While we did not partake in Adam’s sin or inherit it, as held in the doctrine of original sin, which originated with Augustine and which, to a large extent, has become the doctrine of the Catholic Church, we have inherited the tendency to sin and thus are born into a state of corruption. This is where Christ was different from us: while He was born with the degraded state of humanity (Heb. 2:17), He was not born with the propensity to sin (Heb. 4:15).

Job is part of this long chain of fallen humanity that spans from Adam to us. While he was innocent in his suffering, he nevertheless was a sinner as we are. How could he stand before God? Only by faith. And this is maybe one of the answers the book of Job can provide for us.
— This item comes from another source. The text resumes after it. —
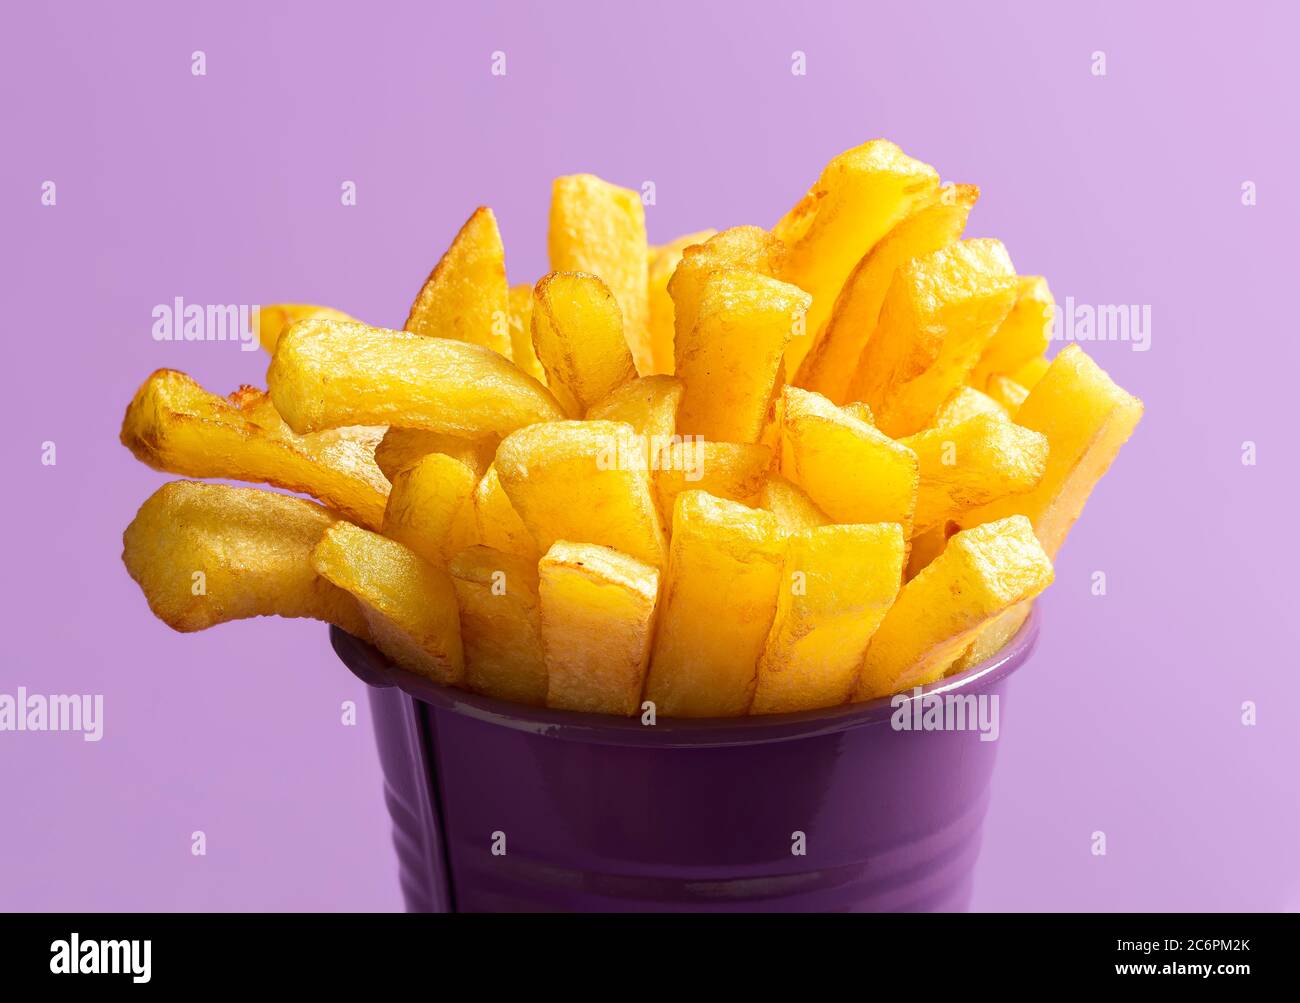 Hausgemachte pommes Frites aus der Nähe, isoliert auf violettem Hintergrund. Frittierte Kartoffeln, Fingerchips, Makrobild. Goldene pommes in einem lila Eimer Stockfoto

Within the endless historical stream of human sin and suffering, no matter if it is innocent or self-inflicted, there is only one perspective that helps us to deal with these things, and that is the perspective of faith. According to the biblical definition of faith in Hebrews 11:1, faith looks beyond the immediate and imminent reality, taking hold of the distant and transcendent reality of God’s future kingdom, where all tears will be wiped away and where there will be no more suffering (Revelation 21).

Consider This: How does the knowledge of human sinful nature change your ideas about human suffering?

  1. III. Creation (Review Job 10:8–12, Psalm 139:13–16, Jeremiah 18:5–12, and Isaiah 53:5 with the class.)

Somewhere hidden among the despairing bitterness of Job’s envisioned speech to Yahweh, in chapter 10, there is a beautiful glimpse of the beginning of life. In poetic language, Job describes how God weaves together each human person in his or her mother’s womb, how He expertly fashions each of us according to His image. In a world that continuously and cruelly disregards the value of human life from its inception to old age—from needless abortions to unjustified cases of euthanasia—Job gives us a striking description of careful and loving divine design. Job affirms that God put such a high value on human life that He even sent His own Son to die for this feeble humanity on the cross, suffering more intensely than any human suffering we can imagine (Isa. 53:5).

Consider This: What does the value that God puts on each human life mean for you?

STEP 3—Apply

Just for Teachers: While not providing an answer to the question of suffering, this lesson begins to look beyond it.

Thought/Application Questions:

  1. How can you find hope amid your own suffering?
  2. What gave you hope when you were in the midst of suffering?

STEP 4—Create

Just for Teachers: Innocent people have been persecuted for their faith in God throughout all ages. Their stories of perseverance provide an inspiration for those times when we feel persecuted as Job did.

Class/Individual Activities:

  • Present the story of the Waldenses who lived in the Piedmont valleys of Northern Italy during the time of the great papal persecutions (12th– 16th centuries a.d.).
  • Study the various quotes of Ellen G. White about the Waldenses.